El jefe del Estado llama a los que le abuchean; y vienen. Escucha a los chavales indignados, que protestan porque “se sabía” lo que venía “y no ha hecho nadie nada por evitarlo”, los avisos no les llegaron; y les llama y debate con ellos. Con alerta serena, como dispensado todo el tiempo, sin límite. Ahora les da la paz en gesto insólito, apretándoles los hombros, un abrazo distinto, sobrio, pero intenso. No escapa de ellos, les busca, aplana a los escoltas, aunque la situación sea de riesgo, no solo para la imagen de las instituciones: especialmente de la que él encarna.
¿Riesgo? Incluso para su integridad física, porque entre los que claman justicia y afecto —incluso por medio de gritos terribles, como el de “asesinos”— algunos pasan a mayores, lanzando palos a la comitiva.
¿Peligro? Como al cabo indica el resultado de ese largo contacto, de ese agitado convoy por las calles enlodadas, no era un riesgo imposible, que fuese causado por una mayoría peligrosa; sino el clamor de gentes devastadas y abandonadas, pues se avienen a escuchar a quién sí ejerce responsabilidad, aunque no sea el responsable. Felipe se gana en minutos no solo el sueldo, sino el reinado: ha sabido distinguir espontáneamente el riesgo encauzable de un peligro irreversible, y al afrontarlo de cara, sin escudos, ha ofrecido equilibrio. Ha ganado quizá más, el derecho a ser nombrado simple, amicalmente, por su nombre de pila y sin número de orden, como un predecesor al que, en sus momentos álgidos todos llamaban Juan Carlos.

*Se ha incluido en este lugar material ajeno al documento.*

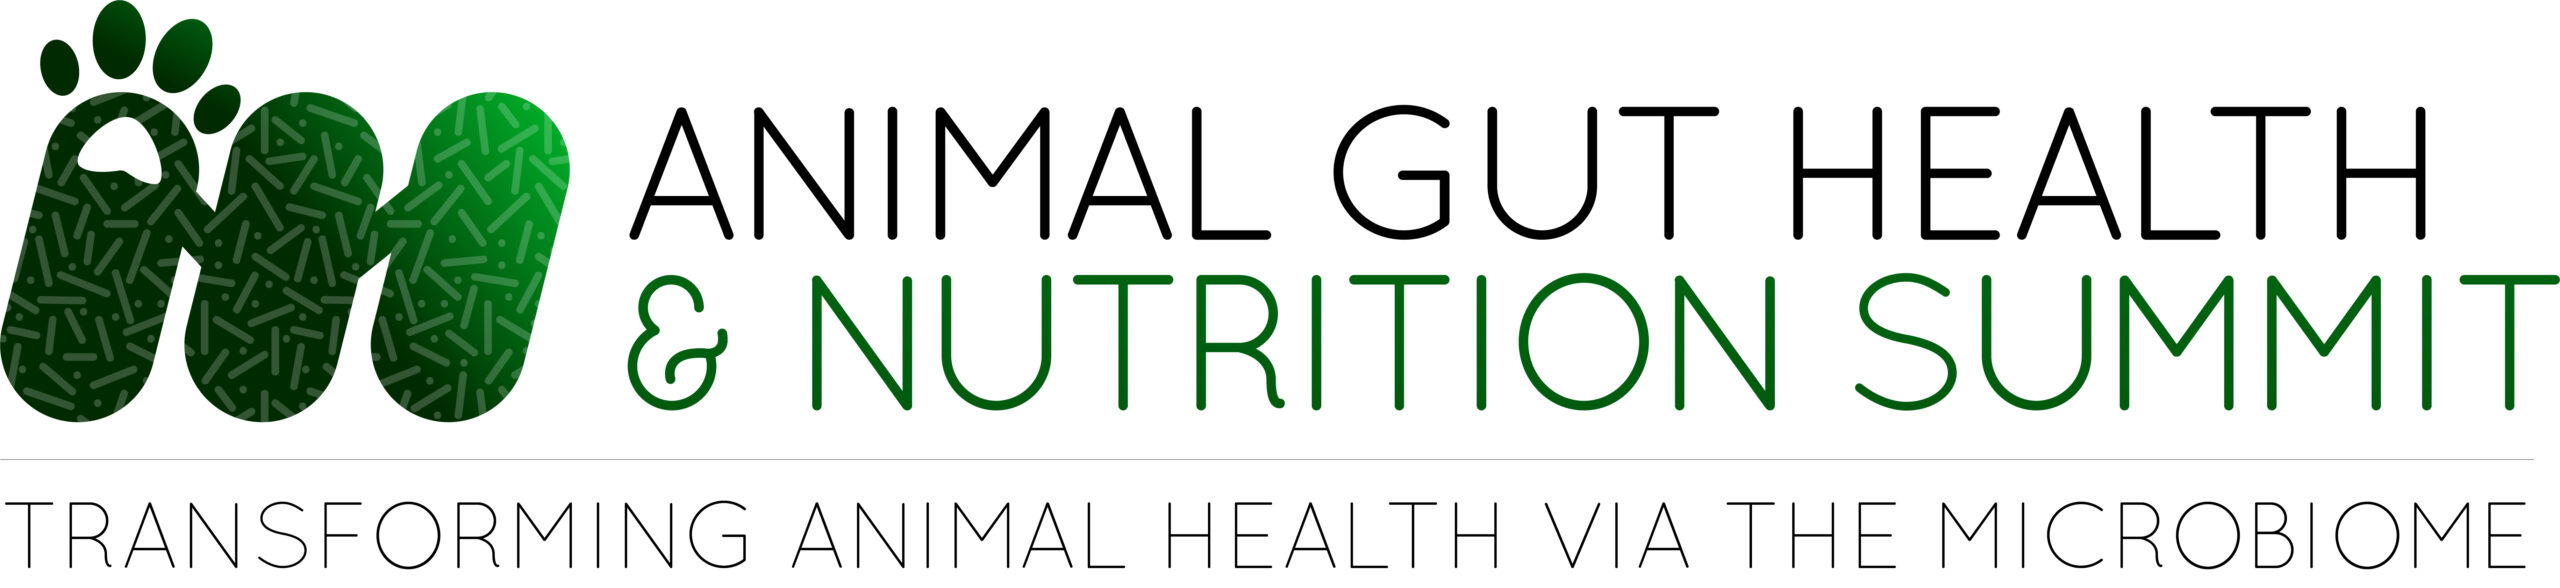 4th Animal Gut Health & Nutrition Summit 2021 logo

O simplemente, el Rey. Y otro tanto Letizia, minutos más tarde.
El tenso episodio de esta mañana valenciana triste, cuando empezaba a apuntar una mejora en las calles, los suministros básicos, casi la luz al final de un túnel de desgracias, tiene que haber sido útil. Para dar voz e imagen a una desesperación colectiva que se cuenta por centenares de pérdidas en vidas humanas. Expresarse libera, reconforta, desahoga. Para demostrar otra vez lo que tantas veces ocurre: los ciudadanos enarbolamos la indignación justo cuando empezamos a atisbar que las razonadas causas de la misma empiezan a enderezarse, y precisamente cuando se nos tercia encontrar finalmente a una autoridad que con su presencia nos pregunta. Como recuerdo a todos los gobernantes de que en situaciones de emergencia tan o más importante que el qué es el cómo, por ejemplo, la velocidad en afrontar los reveses.
Muchos nos comprometimos con nosotros mismos a no elevar críticas prematuras —salvo la insistencia en reclamar urgencia en las respuestas— hasta que todos los que perdieron sus vidas encontraran descanso digno. Por respeto al sufrimiento. Pero esta protesta habla por todos, y para todos. Para quienes no avisaron a tiempo del desastre cuando ya estaban advertidos del mismo. Para quienes no imprimieron suficiente velocidad a los remedios. Para quienes organizaron con tanta imprevisión esta visita, confundiendo la excelente calidad humana del pueblo valenciano, en la resistencia, en el esfuerzo y en la solidaridad, con una suerte de resignación sumisa y apática. La rebelión es signo de vida. Y encauzarla con entereza, la tarea primordial de la democracia.